The transformation of Stawell’s toxic rubber stockpile, one of Australia’s largest and most dangerous, should be used to drive change nationally, a leading tyre recycler says.
Tyrecycle in conjunction with Environment Protection Authority Victory (EPA) spent the last two months removing 9,500 tonnes of tyres which had been stockpiled at Stawell over many years.
The town was then officially cleared of its greatest environmental and economic threat on October 10 when EPA announced all tyres had been removed from the site.
Tyrecycle chief executive Jim Fairweather, who heads the oldest and largest tyre recycler in the country, said there was an important lesson to learn from the Stawell Tyre Yard – more urgent action on stockpiles across the country.
“I sincerely hope the success of the project will spur action on other dangerous legacy stockpiles across the country,” he said.

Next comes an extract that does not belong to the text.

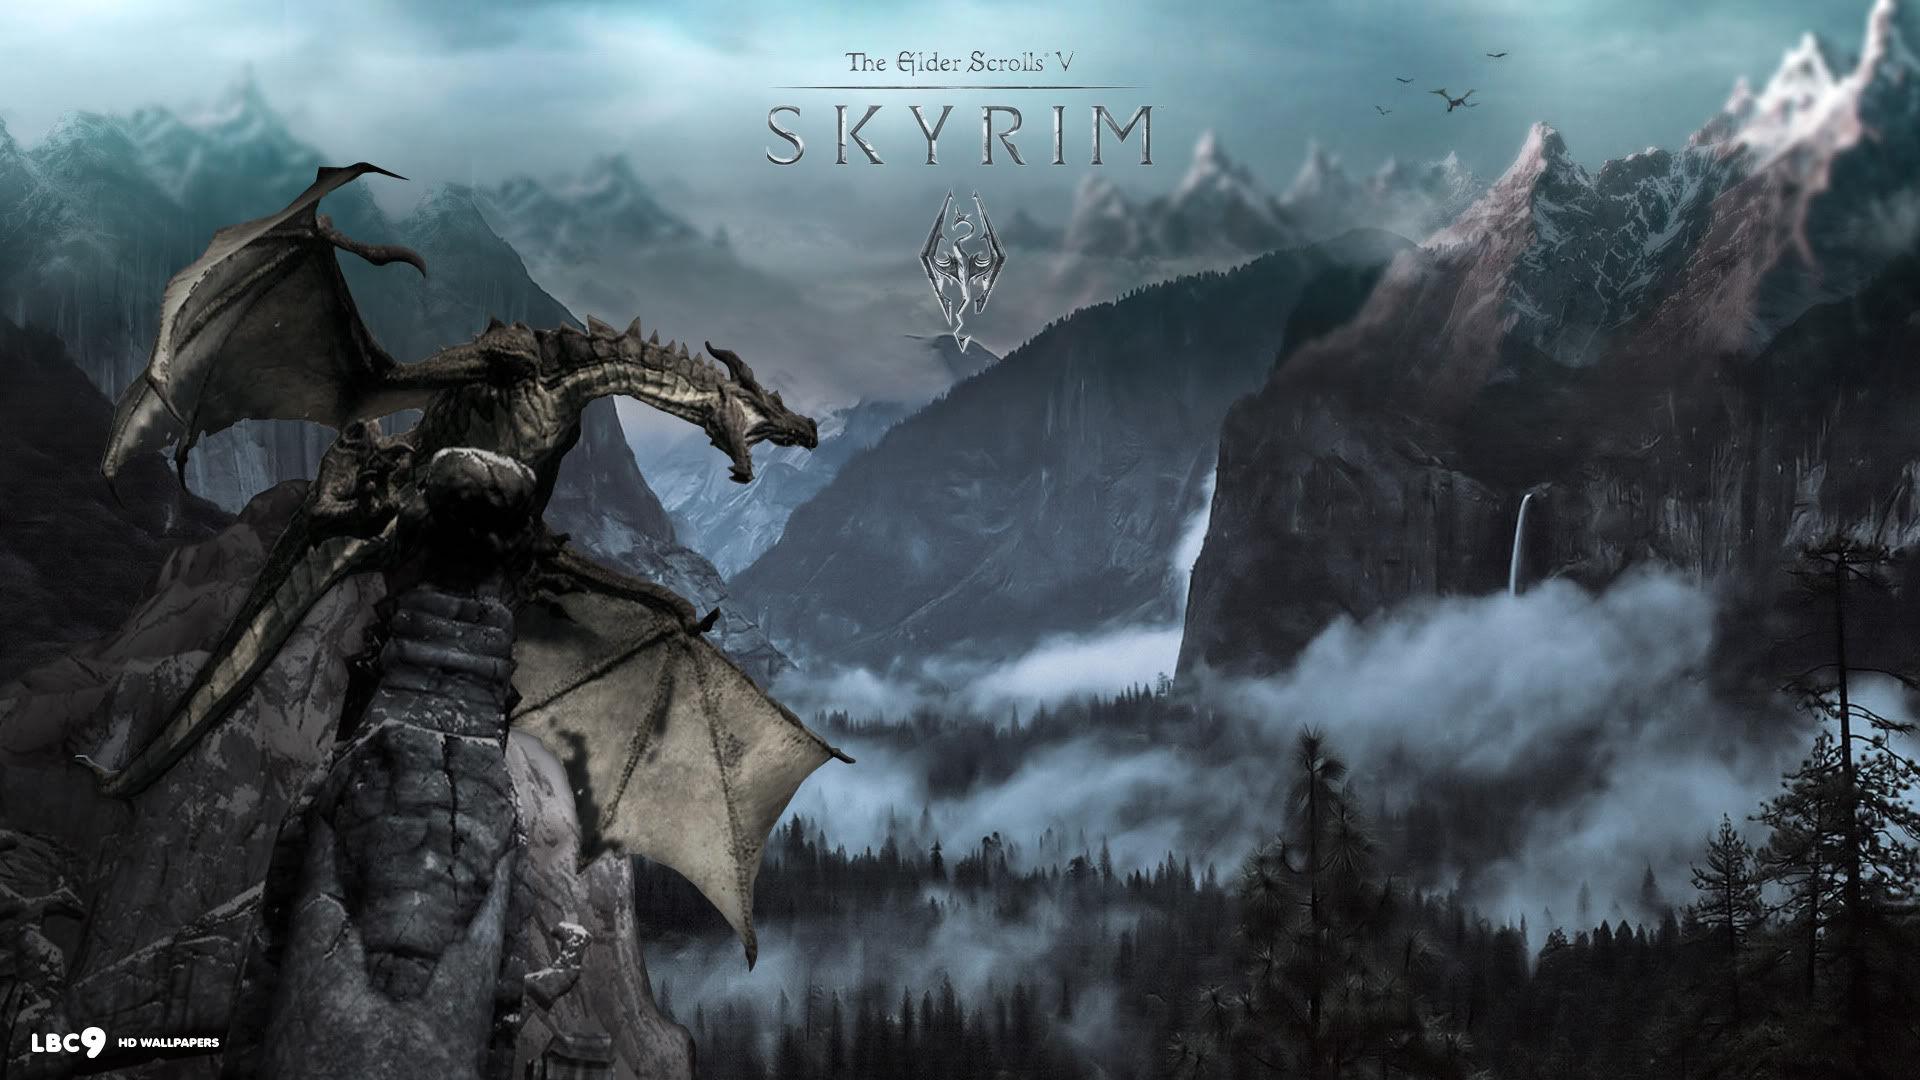 Drawn wallpaper skyrim Skyrim Dragon Dragon wallpaper Wallpaper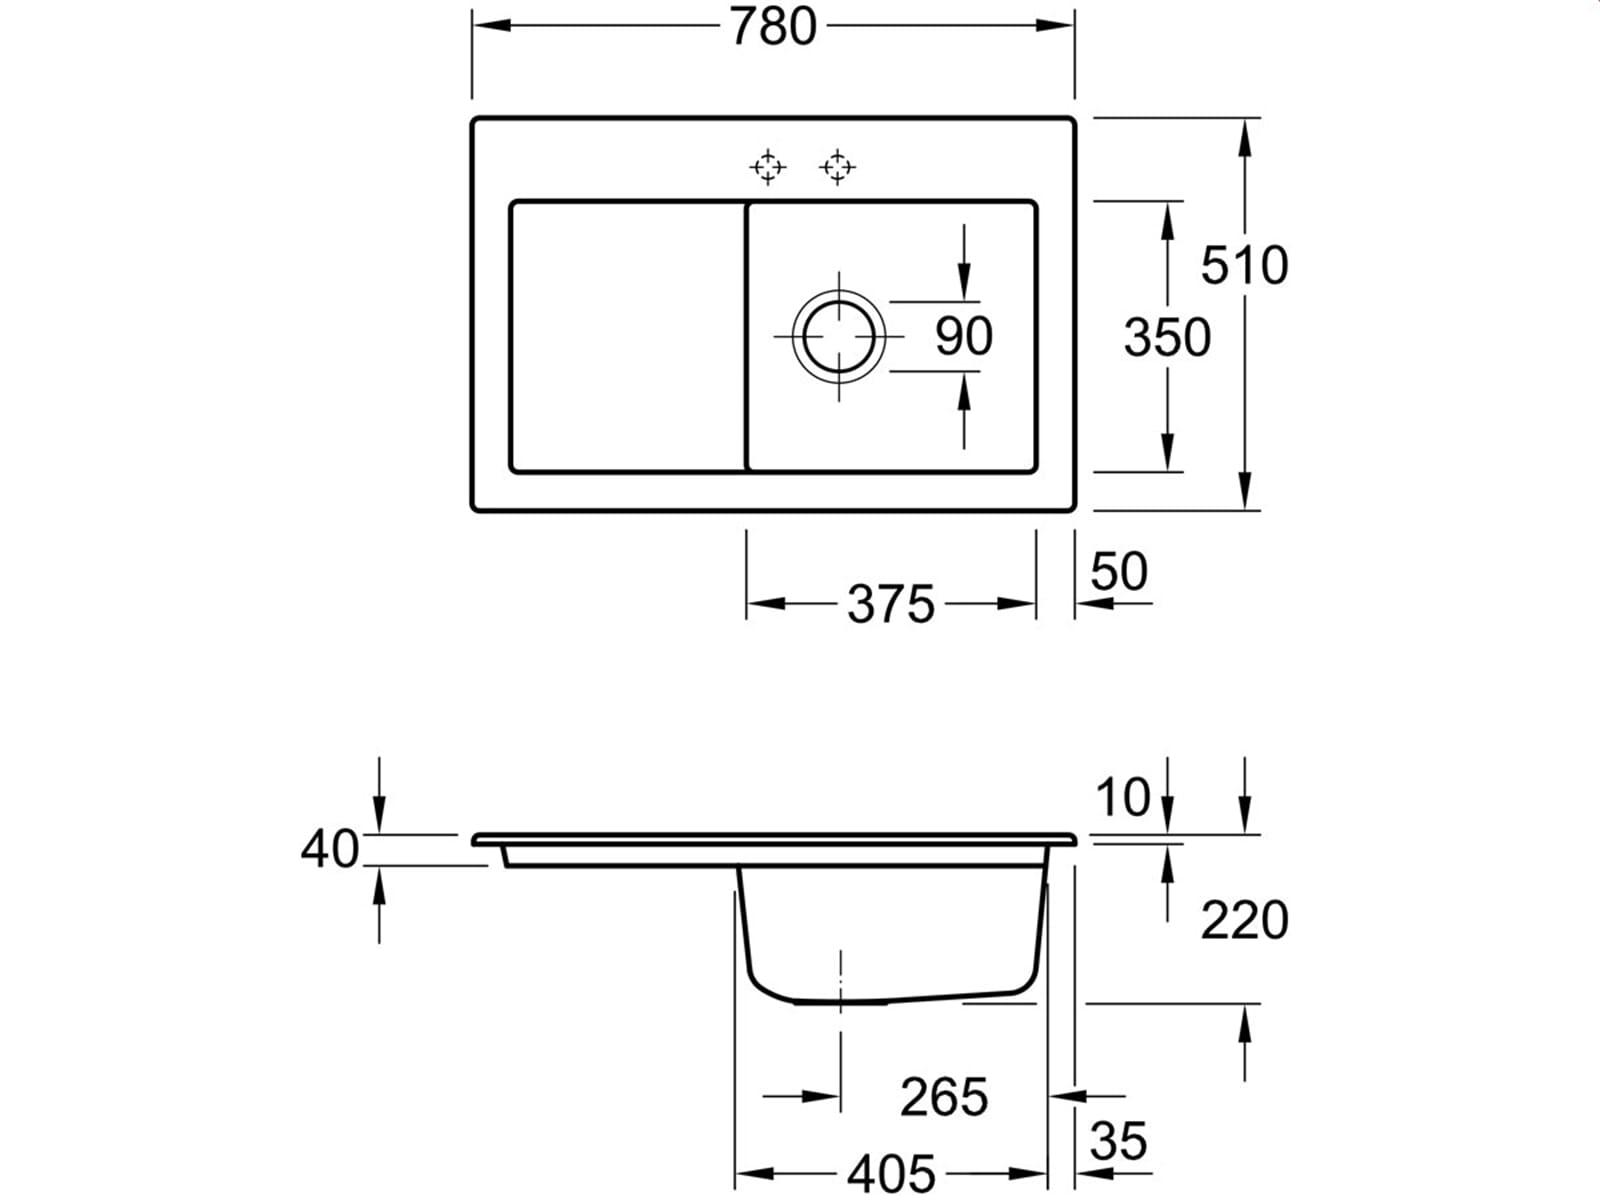 Villeroy & Boch Subway 45 Graphit - 6714 01 i4 Keramikspüle Handbetätigung

“It’s a great example of what can happen when government, the authorities and industry work together in support of better community outcomes.”
Victoria is also home to another challenging stockpile site at Numurkah, but other Australian states are also facing the same issues.
Up to 20,000 tonnes of tyres are laying dormant at the South Hedland landfill in Western Australia, as well as a huge stockpile at Longford in Tasmania.
“Longford houses one of the biggest stockpiles in the country and as we head into the warmer months, the risk these mountains of waste create grow exponentially,” Mr Fairweather said.
“Regulations are critical, but actions speak loudest in terms of directly addressing and discouraging rogue operators who are prepared to put the community at risk.”
Up to 381 truckloads of tyre waste were removed from the Stawell Tyre Yard, peaking at 529 tonnes of end-of-life tyres removed on a single day.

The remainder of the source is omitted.